Dès lors, un instituteur, un maître ou un professeur ne peuvent qu’être… magistraux. Derrière le « cours magistral », il y avait la grandeur (du latin magnus, qui a donné « magnitude »), anciennement matérialisée par la surélévation de la chaire. Depuis la fin des années 1960, on a beaucoup critiqué le cours magistral, avec des métaphores assez peu pertinentes. Selon certain didacticien peu brillant que je ne nommerai pas, le mode opératoire de la transmission du savoir qui prévalait avant la promotion des « méthodes actives » pourrait être comparé au fait de déverser du savoir dans la tête de l’élève via un entonnoir. Or cette métaphore ne tient absolument pas compte du fait qu’un entonnoir n’oppose aucune résistance à l’écoulement d’un liquide en son intérieur, contrairement à l’élève, qui doit assimiler des notions qui lui sont de prime abord partiellement étrangères.

Enseigner (du latin insignere), c’est « baliser de significations » ; instruire (du latin instruere), c’est « outiller, donner la possibilité d’un usage réel » (René Guitart, La pulsation mathématique, section 66. Il n’y a pas de savoir-faire savants).

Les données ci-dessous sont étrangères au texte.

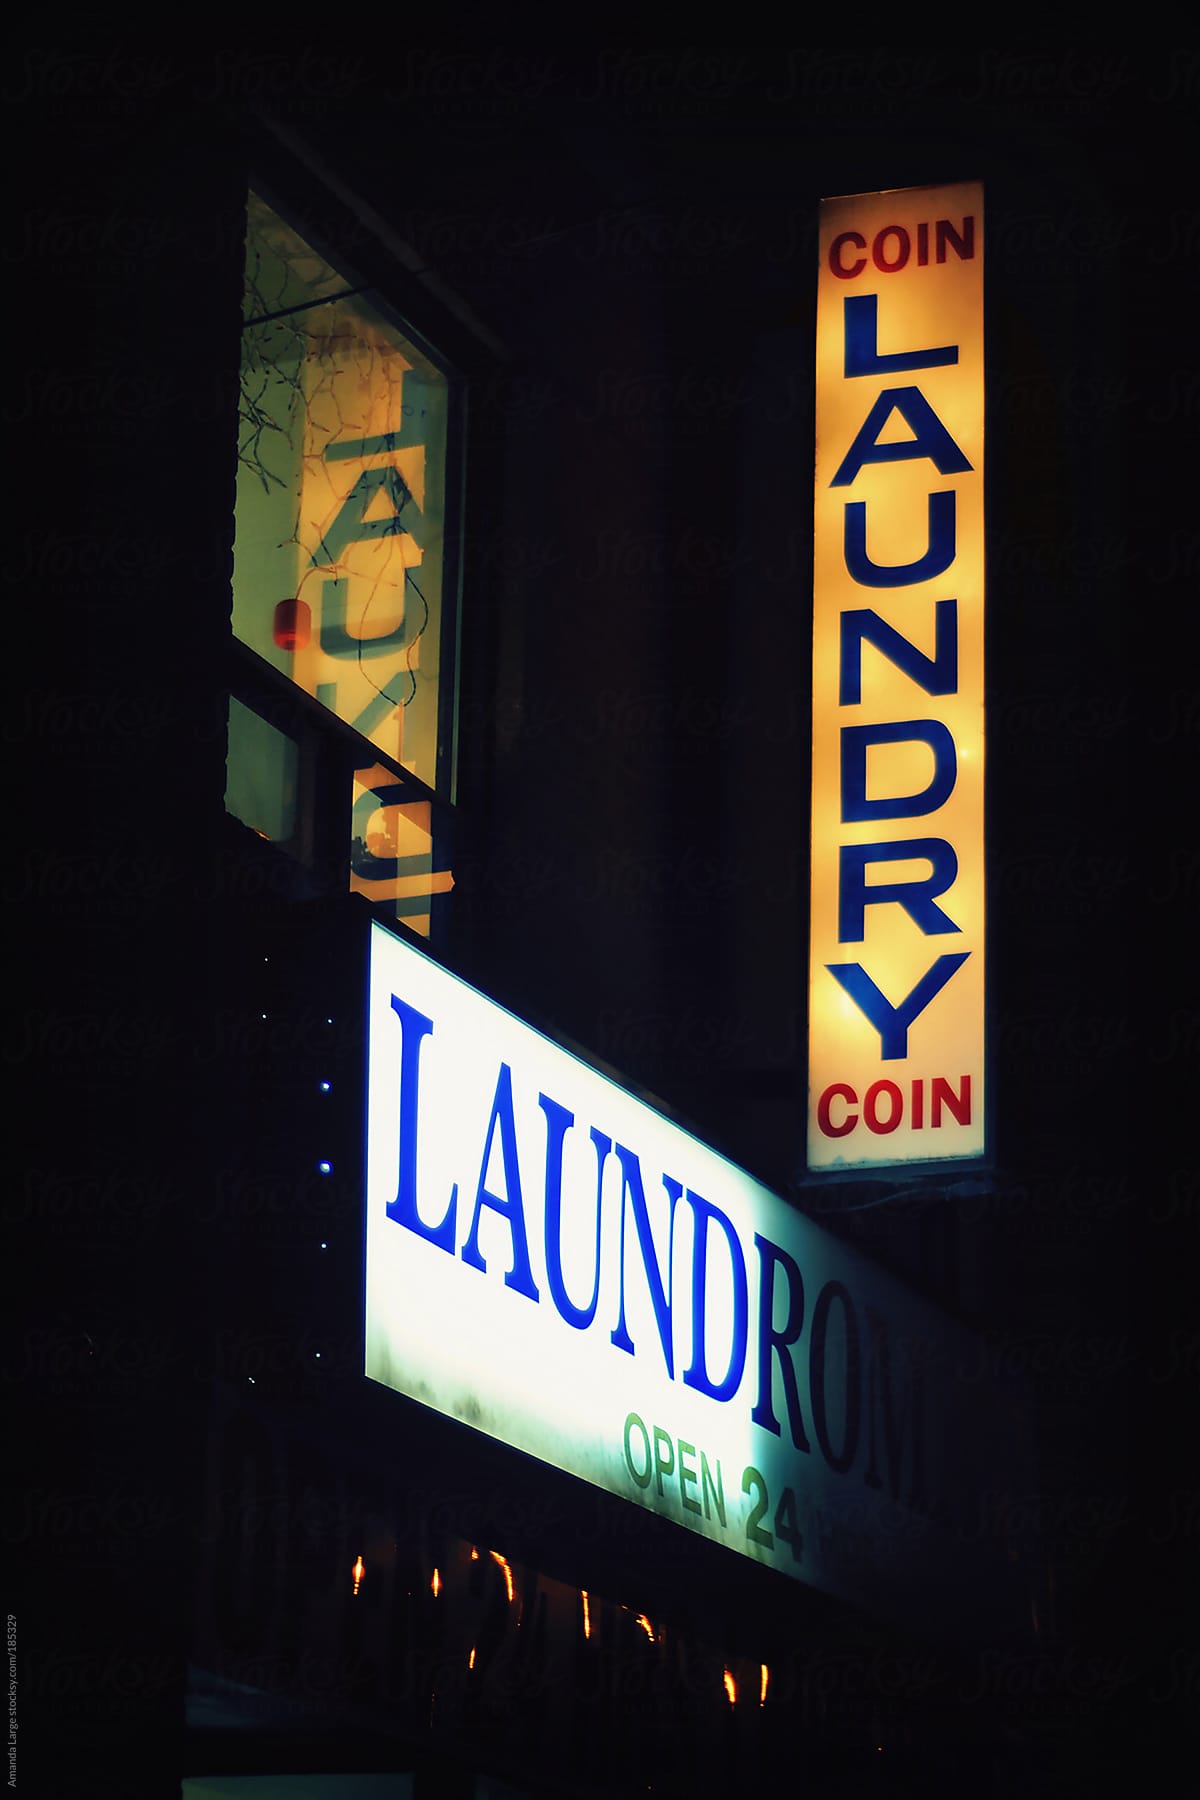 coin laundry sign lit up at night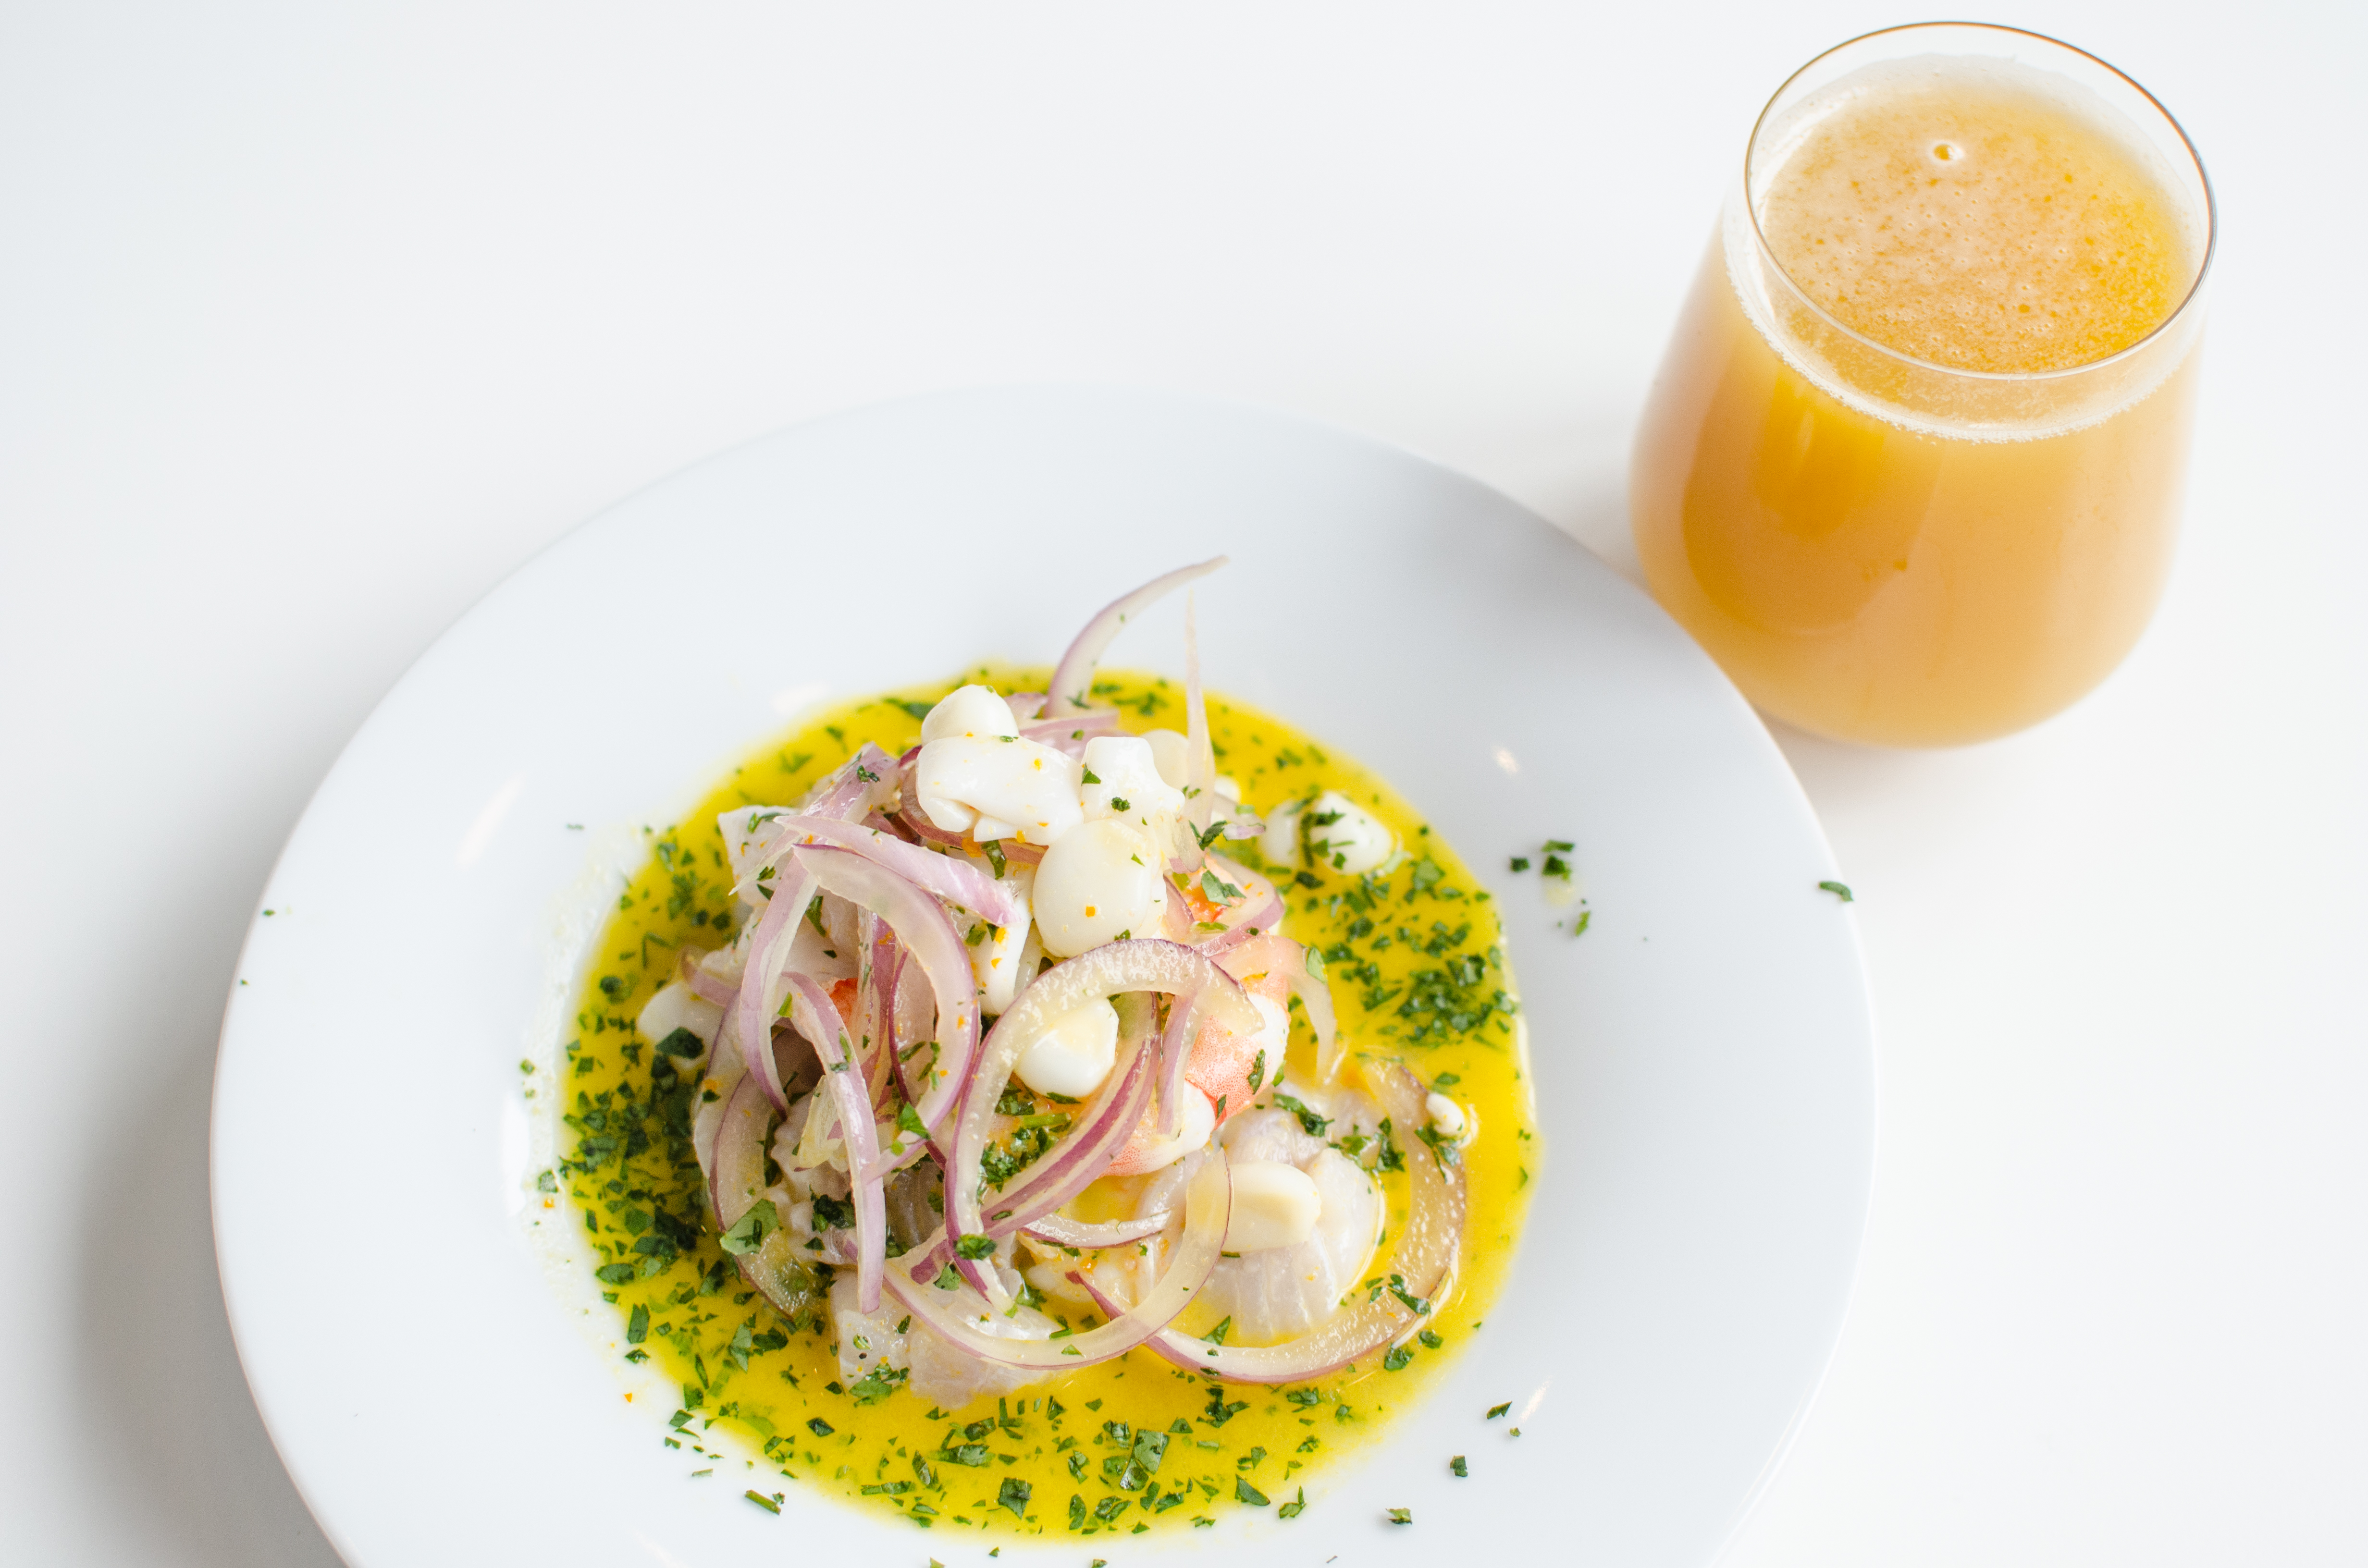 A vibrantly colored portion of ceviche is presented on a white plate on a white table, with a glass of beer on the side.

Selon une opinion assez répandue, l’éducation serait « de gauche » où l’on enseigne, quand l’instruction, où l’on instruit, serait « de droite ». L’inconvénient, c’est que la réalité historique montre l’exact contraire, puisque Michel Delord reprend ce propos de Benito Mussolini : « la transformation du ministère de l’instruction publique en éducation nationale est la plus fasciste de mes réformes ». Du moins, si on l’on admet que le fascisme est « de droite »…

Mais en réalité, il faudrait renvoyer dos à dos les partisans de l’éducation seule et les partisans de l’instruction seule, car en fait les deux sont nécessaires, comme le montre ce schéma extrait du livre René Guitart cité supra (93. Transposition, page 290) (P, M, E désignent respectivement professeur, mathématicien et élève) :

Dès lors, j’ai du mal à me satisfaire de l’assertion-ci : « le professeur instruit » comme antidote à cette assertion-là : « le professeur éduque ». Il conviendrait de promouvoir un autre verbe qui ne soit pas politiquement connoté, et décrive mieux ce qui passe entre le professeur et l’élève. Plutôt donc qu’une métaphore à base d’entonnoir, je propose de convoquer une métaphore à base de… percolateur : le mathématicien hongrois Paul Erdös n’a-t-il dit un jour : « un mathématicien est une machine à transformer du café en théorèmes » ? Or, pour faire du café, il faut moudre du café en grain, le déposer dans un filtre, faire chauffer de l’eau, et la verser sur le café moulu. Au bout d’un moment, que l’on ne peut pas déterminer à l’avance, il y a percolation : le café coule. Ce mot de « percolation » est celui qui est utilisé par Michel Serres dans un paragraphe de son livre Les origines de la géométrie (Flammarion, 1993) dont les deniers mots sont les suivants : « Une multitude de relations peuvent ou non attacher entre eux un grand nombre d’objets ou d’états de choses : voilà le temps percolant, c’est-à-dire le vrai, qui peut nous aider à comprendre l’histoire. Et pour quelle raison, simpliste ou terrible, réduire une telle complexité à un couloir ou une ligne continue reliant uniment un point à un autre, à la queue leu leu ? Qui en serre le guichet d’étranglement ? » (pages 40-41).

Le français dispose alors du verbe : « instiller », qui signifie : « verser à goutte à goutte ». C’est très exactement ce que l’on fait quand on verse de l’eau sur le café moulu reposant dans un filtre. Métaphoriquement, l’interaction que le professeur a avec l’élève revient, pour le premier, à donner du grain à moudre au second, et à verser ensuite goutte à goutte de l’eau, mais aucun des deux ne peut savoir quand aura lieu la percolation, c’est-à-dire quand aura lieu la compréhension du second, ce que Michel Delord résume ainsi : « Globalement, il me semble qu’il faut donner à l’élève tout ce qui lui permet de comprendre, et sans estimer a priori que l’on va maîtriser la manière dont il comprend, et sans penser être capable de l’évaluer à court terme sur sa compréhension (on peut évaluer des savoir-faire, mais au-delà ?) » (Michel Delord, Survol : sciences de l’éducation, 5 avril 2000). C’est bien pourquoi l’école doit un lieu de loisir, où l’on a du temps : « Nous devons travailler dans l’universel et dans la lenteur », expliquent Fanny Capel et Emmeline Renard, membres du collectif Sauver les lettres, dans un article intitulé : Quels sont les obstacles à l’enseignement des lettres au lycée ? (6 mai 2000).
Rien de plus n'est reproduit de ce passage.